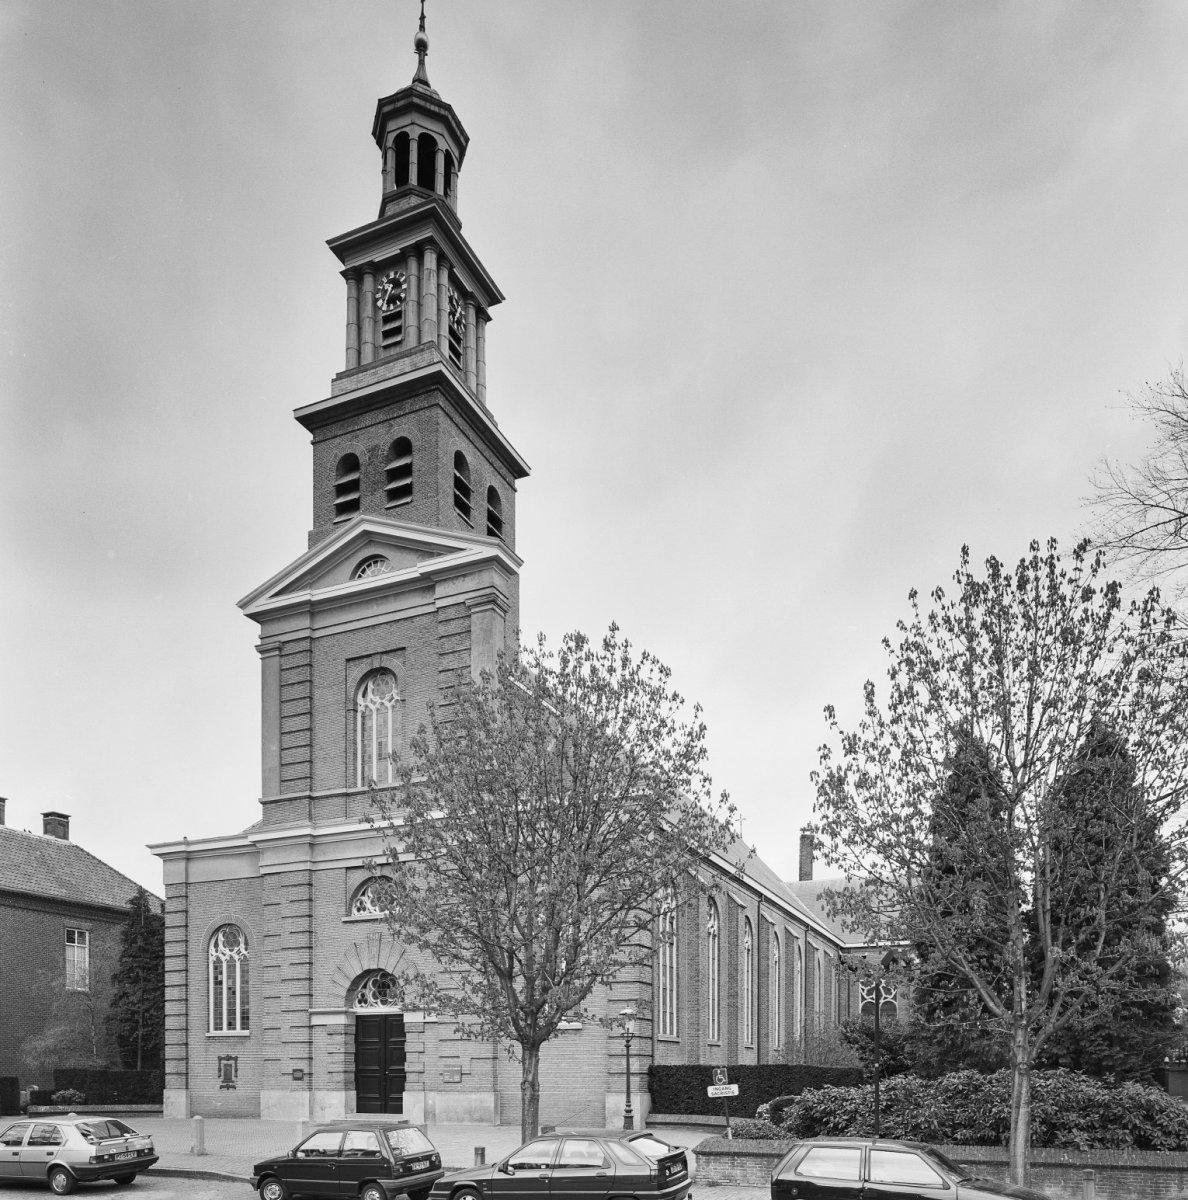 Sint lambertuskerk udenhout wikipedia for Interieur udenhout
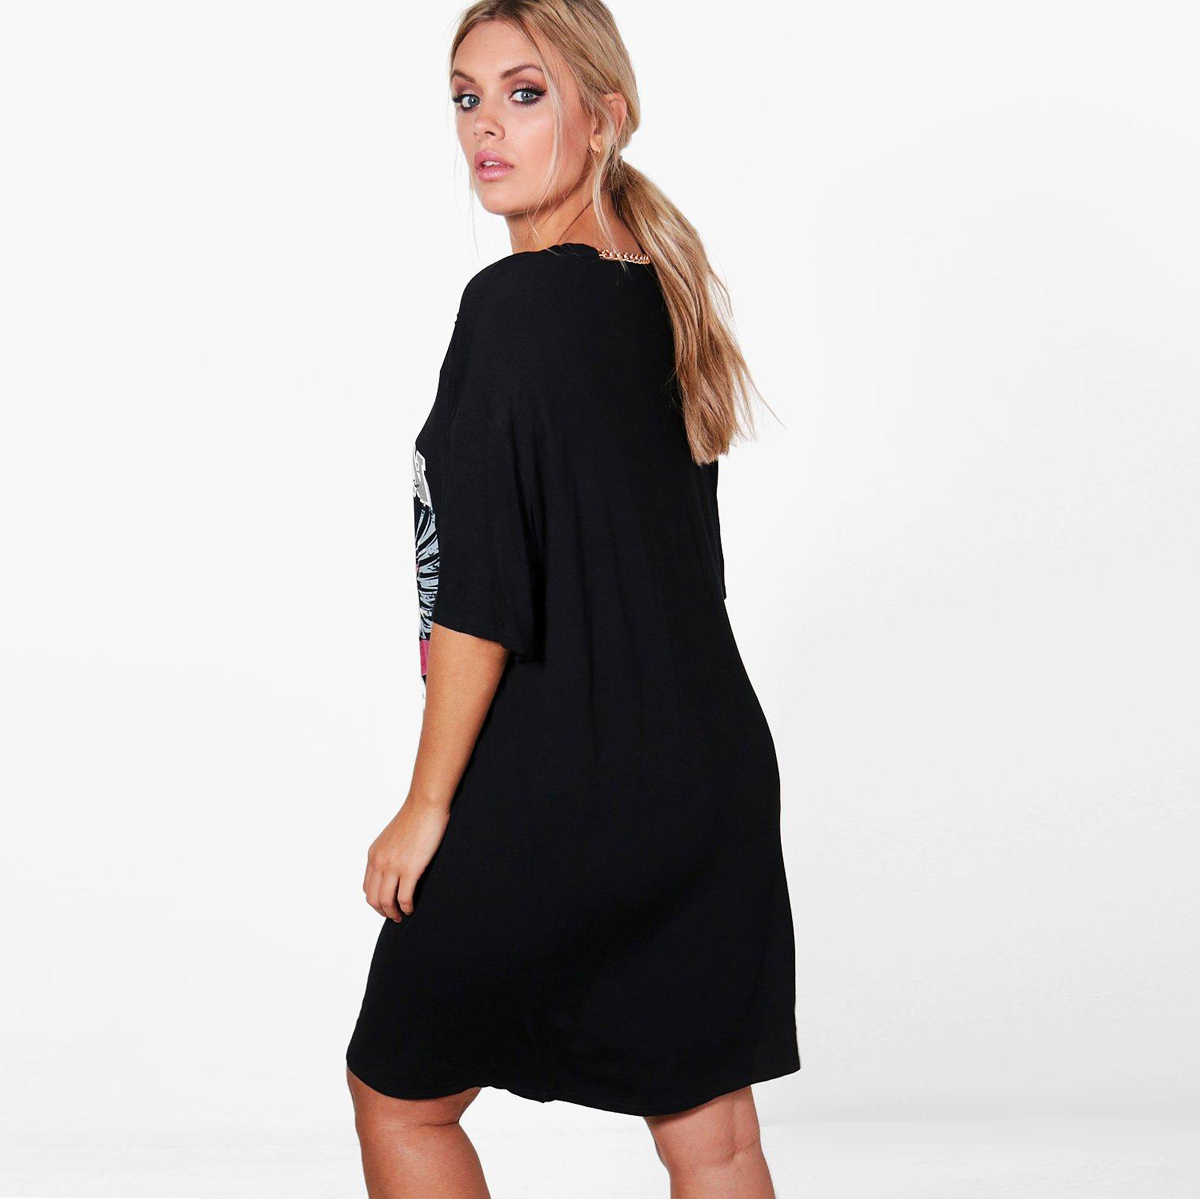 a3f7f0abb0 ... Kissmilk Plus Size Women Animal BOSTON Print T-shirt Dress Distressed  Punk Shirt Hollow Out ...
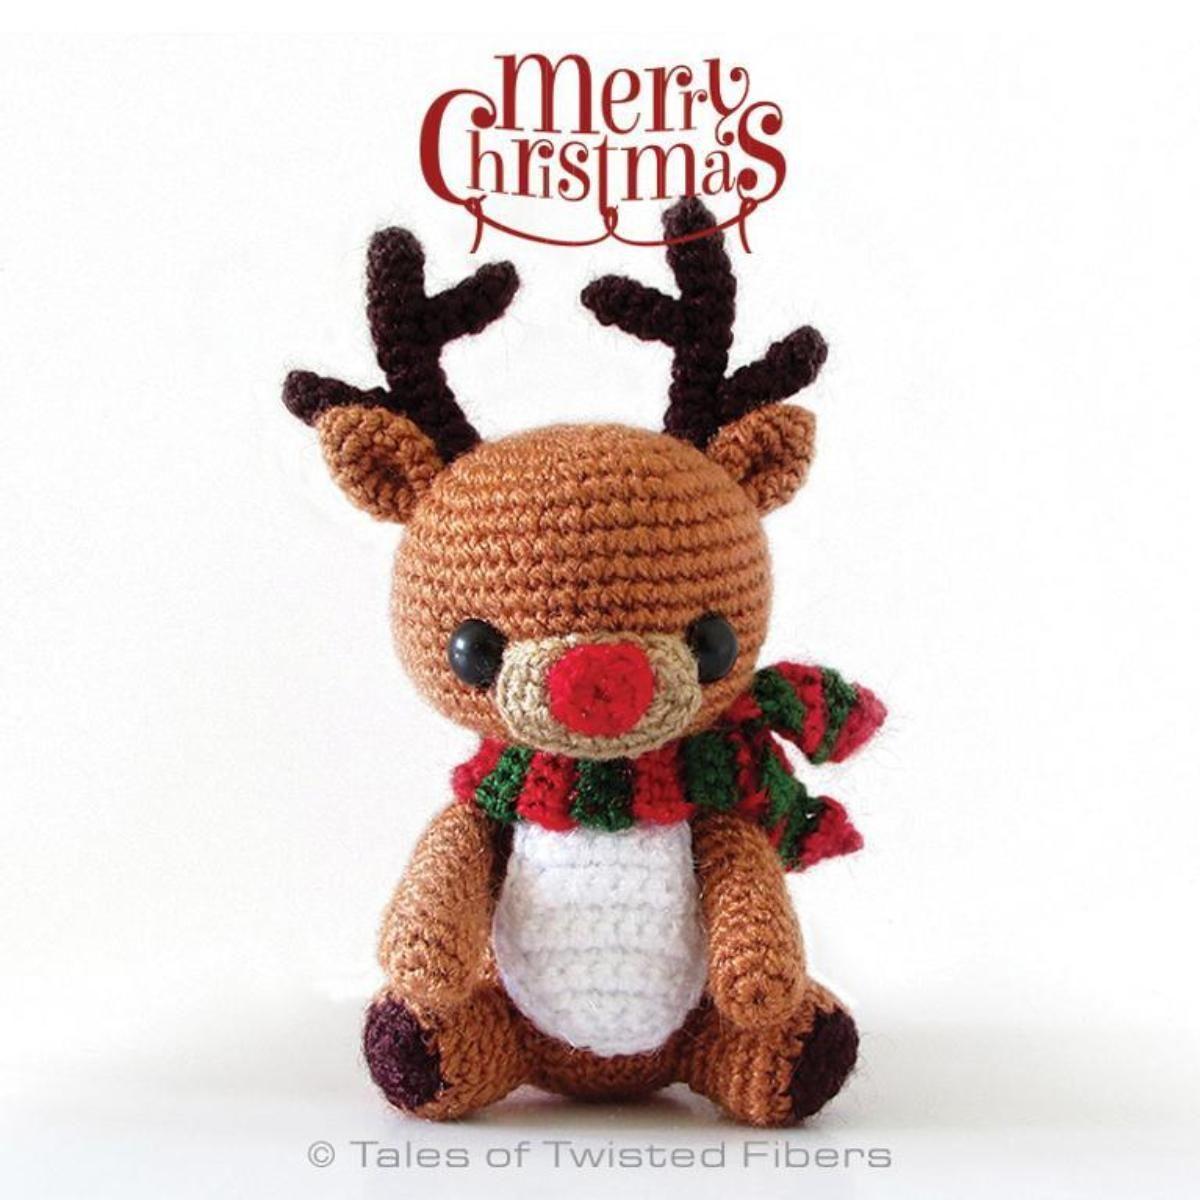 Rudy the reindeer crochet pinterest crochet crocheting rudolph the reindeer free amigurumi pattern pdf file bankloansurffo Choice Image

◆ ◆ ◆

**What you need to do:** Could you copy the listing above exactly, without its pictures?

**Your response:**
 Sint lambertuskerk udenhout wikipedia for Interieur udenhout
 a3f7f0abb0 ... Kissmilk Plus Size Women Animal BOSTON Print T-shirt Dress Distressed  Punk Shirt Hollow Out ...
 Rudy the reindeer crochet pinterest crochet crocheting rudolph the reindeer free amigurumi pattern pdf file bankloansurffo Choice Image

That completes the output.